1. It was mentioned in the chapter that a cubic regression spline with one knot at \(\xi\) can be obtained using a basis of the form \(x, x^{2}, x^{3}\), \((x-\xi)_{+}^{3}\), where \((x-\xi)_{+}^{3}=(x-\xi)^{3}\) if \(x>\xi\) and equals 0 otherwise. We will now show that a function of the form \[ f(x)=\beta_{0}+\beta_{1} x+\beta_{2} x^{2}+\beta_{3} x^{3}+\beta_{4}(x-\xi)_{+}^{3} \] is indeed a cubic regression spline, regardless of the values of \(\beta_{0}, \beta_{1}, \beta_{2}\), \(\beta_{3}, \beta_{4}\)

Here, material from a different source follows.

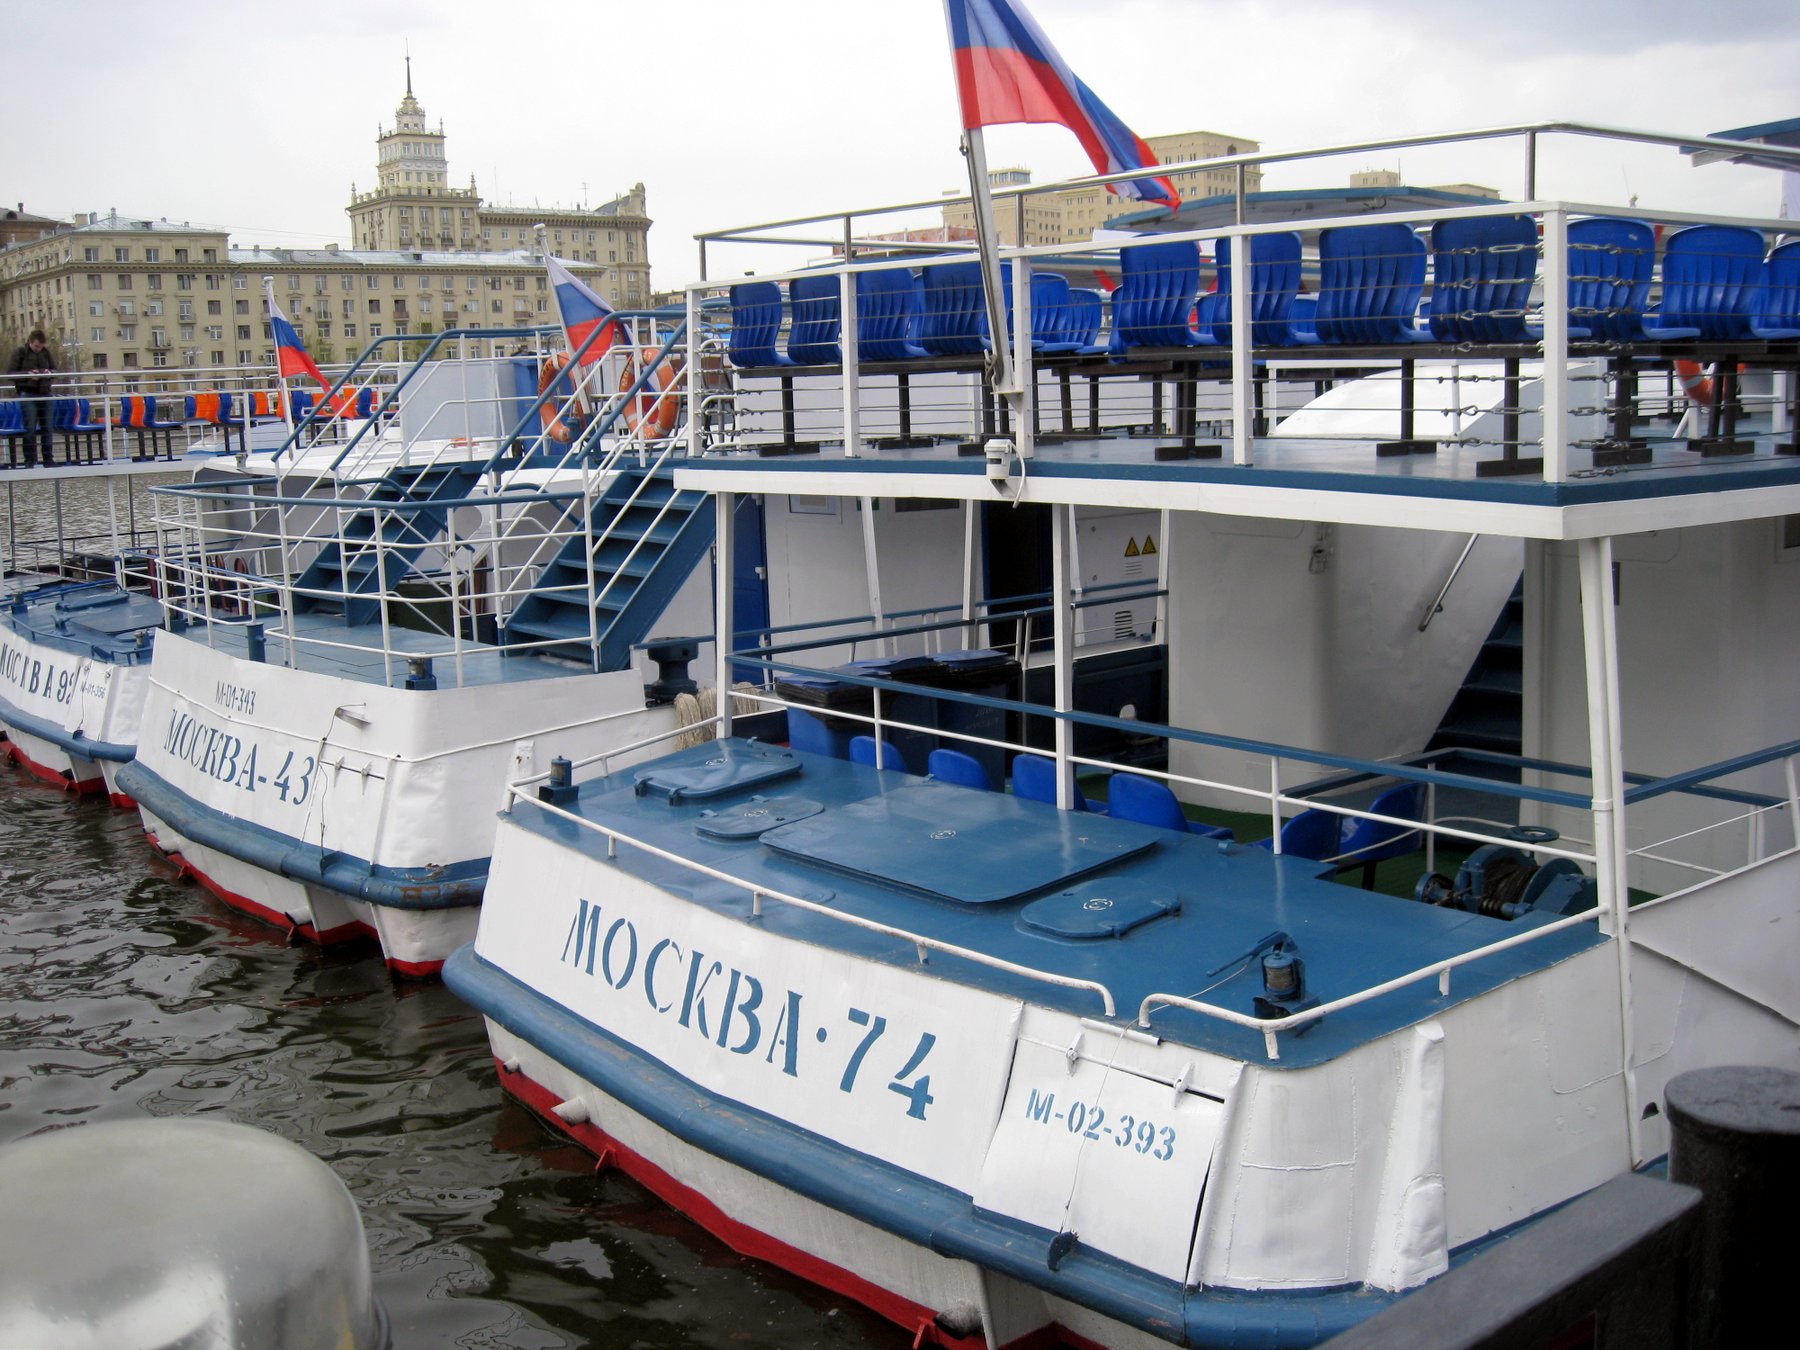 Парад речных судов разных эпох впервые пройдет на Москве-реке 12 мая

  1. Find a cubic polynomial \[ f_{1}(x)=a_{1}+b_{1} x+c_{1} x^{2}+d_{1} x^{3} \] such that \(f(x)=f_{1}(x)\) for all \(x \leq \xi\). Express \(a_{1}, b_{1}, c_{1}, d_{1}\) in terms of \(\beta_{0}, \beta_{1}, \beta_{2}, \beta_{3}, \beta_{4}\).

    Answer. For \(x \leq \xi\), \(f(x)=\beta_{0}+\beta_{1} x+\beta_{2} x^{2}+\beta_{3} x^{3}\). So \(a_1=\beta_{0}\), \(b_1=\beta_{1}\), \(c_{1}=\beta_{2}\), \(d_{1}=\beta_{3}\).

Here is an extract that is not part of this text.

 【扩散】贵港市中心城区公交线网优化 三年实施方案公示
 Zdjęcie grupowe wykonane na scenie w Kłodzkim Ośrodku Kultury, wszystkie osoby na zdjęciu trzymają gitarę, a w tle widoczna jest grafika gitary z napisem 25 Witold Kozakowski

  2. Find a cubic polynomial \[ f_{2}(x)=a_{2}+b_{2} x+c_{2} x^{2}+d_{2} x^{3} \] such that \(f(x)=f_{2}(x)\) for all \(x>\xi\). Express \(a_{2}, b_{2}, c_{2}, d_{2}\) in terms of \(\beta_{0}, \beta_{1}, \beta_{2}, \beta_{3}, \beta_{4}\). We have now established that \(f(x)\) is a piecewise polynomial.

    Answer. For \(x \leq \xi\), \(f(x)=(\beta_{0}-\beta_{4}\xi^3)+(\beta_{1}+3\beta_{4}\xi^2) x+(\beta_{2}-3\beta_{4}\xi) x^{2}+(\beta_{3}+\beta_{4}) x^{3}\). So \(a_1=\beta_{0}-\beta_{4}\xi^3\), \(b_1=\beta_{1}+3\beta_{4}\xi^2\), \(c_{1}=\beta_{2}-3\beta_{4}\xi\), \(d_{1}=\beta_{3}+\beta_{4}\).

  3. Show that \(f_{1}(\xi)=f_{2}(\xi)\). That is, \(f(x)\) is continuous at \(\xi\).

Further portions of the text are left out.